Por qué cambia el modelo
Desde 2021, Copilot funcionaba con suscripciones de precio fijo que incluían “solicitudes premium”. El problema era que no importaba la complejidad de la tarea:
Una pregunta simple costaba lo mismo que una sesión autónoma de codificación de horas.
Los agentes de IA modernos consumen mucha más computación.
El coste de inferencia se disparó.
El propio GitHub lo resume así: Copilot ya no es solo autocompletado; ahora es una plataforma de agentes de IA capaz de trabajar en repositorios completos durante largos periodos. Mantener eso ilimitado a precio fijo se volvió insostenible.
Este cambio refleja una tendencia general del secto.
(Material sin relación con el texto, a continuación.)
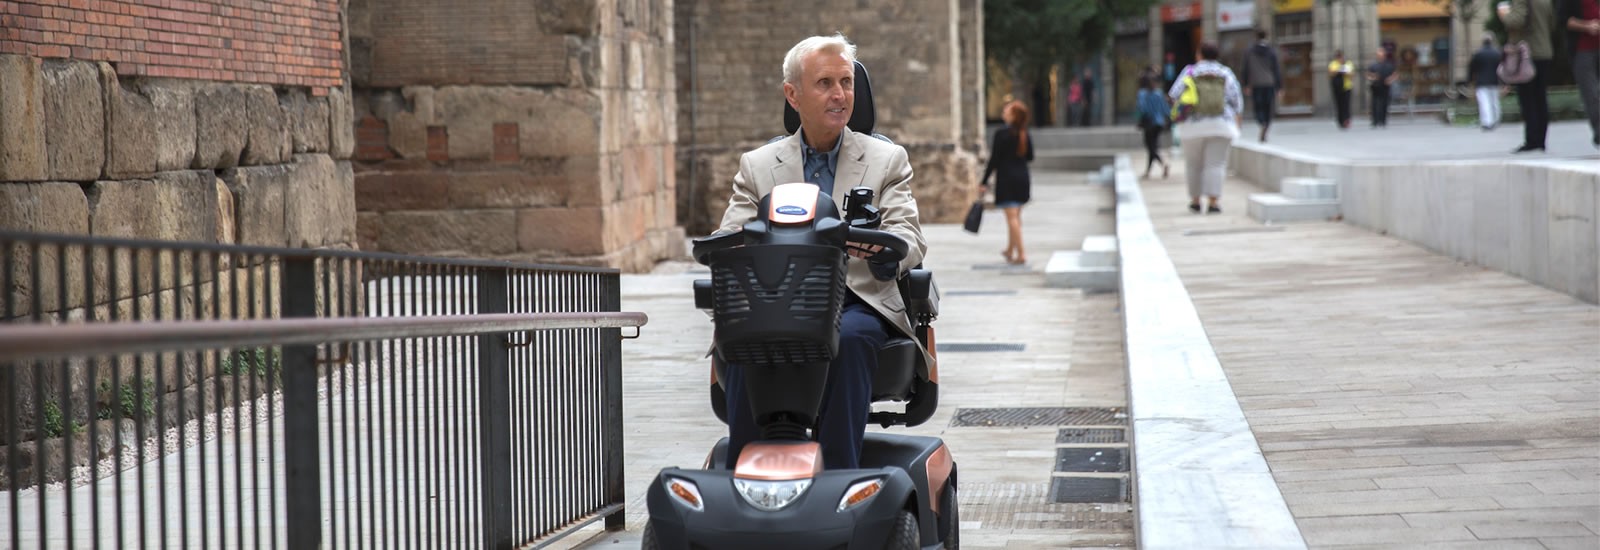 Mobility Scooter Hire in Funchal Madeira
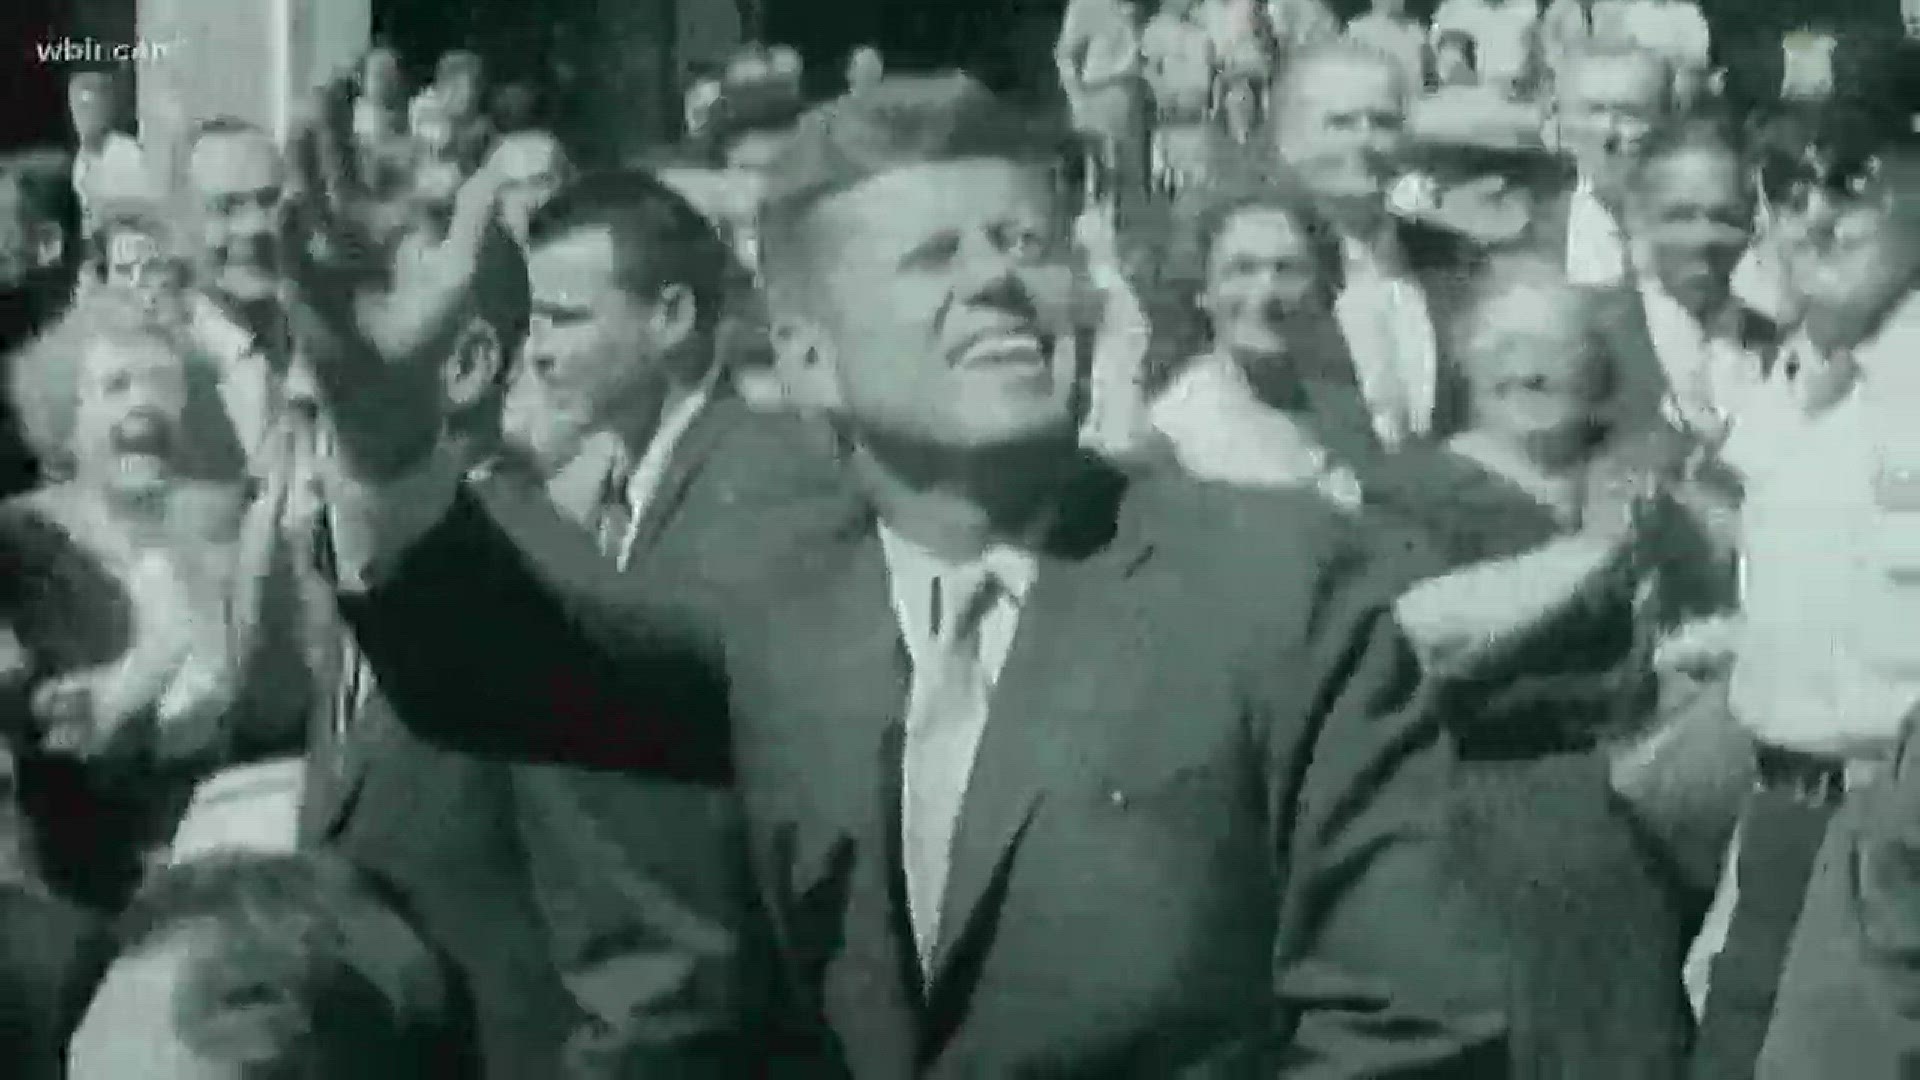 Oct. 26, 2017: 2,800 secret government documents about the assassination of President John F. Kennedy are now public, and the new information brings a lot of new questions. The question is, will the newly released documents clear up the lingering questions? Maryville College Political Science Professor Mark O’Gorman said some people may just want some sort of closure on the case.

Empresas como Anthropic, Google y OpenAI también están ajustando límites y precios debido al enorme coste de ejecutar modelos avanzados.
Cómo funciona el nuevo sistema: GitHub AI Credits
GitHub introduce una moneda virtual: GitHub AI Credits.
1 crédito = $0.01 USD
El consumo se mide por tokens (entrada, salida y caché).
Los modelos tendrán tarifas distintas según su coste.
La «buena noticia» es que los precios base de los planes no cambian.
Créditos incluidos por plan
Copilot Pro: $10/mes → 1,000 créditos
Copilot Pro+: $39/mes → 3,900 créditos
Copilot Business: $19/usuario/mes → $19 en créditos
Copilot Enterprise: $39/usuario/mes → $39 en créditos
Importante: Las funciones básicas (autocompletado y Next Edit) seguirán siendo ilimitadas y no consumirán créditos.
Lo que sí consumirá:
Chat avanzado
Agentes autónomos
Revisiones de código (además usarán minutos de GitHub Actions)
Desaparece el “modo fallback”. Si se acaban los créditos, se detienen las funciones avanzadas hasta el siguiente ciclo o hasta pagar más.
Impacto para usuarios con plan anual
Los suscriptores anuales permanecerán temporalmente en el sistema antiguo, pero con trampa:
Los multiplicadores de coste subirán drásticamente el 1 de junio.
Por ejemplo, los modelos avanzados pueden costar hasta 27× más en solicitudes.
Los planes anuales dejarán de renovarse.
Al expirar, los usuarios pasarán automáticamente al plan Copilot Free si no migran a uno mensual.
GitHub ofrece reembolsos prorrateados en créditos para quienes migren antes.
Cambios clave para empresas
Por otro lado, GitHub añade algo muy solicitado, los créditos compartidos por equipo:
Pool común de créditos para toda la empresa.
Controles de presupuesto por organización, departamento o usuario.
Créditos promocionales temporales:
Business: $30/usuario/mes (junio–agosto)
Enterprise: $70/usuario/mes (junio–agosto)
También lanzarán una vista previa de factura en mayo para estimar gastos antes del cambio.
Qué significa este cambio
Este movimiento confirma algo importante, la IA avanzada ya no puede venderse como tarifa plana ilimitada (al menos de momento).
El nuevo modelo busca:
Alinear costes reales con uso real
Evitar sobrecarga de infraestructura
Ofrecer transparencia en gastos
En resumen, podemos decir que el “buffet ilimitado” de la IA termina, pero llega una etapa más sostenible y predecible para el futuro de la programación asistida por IA.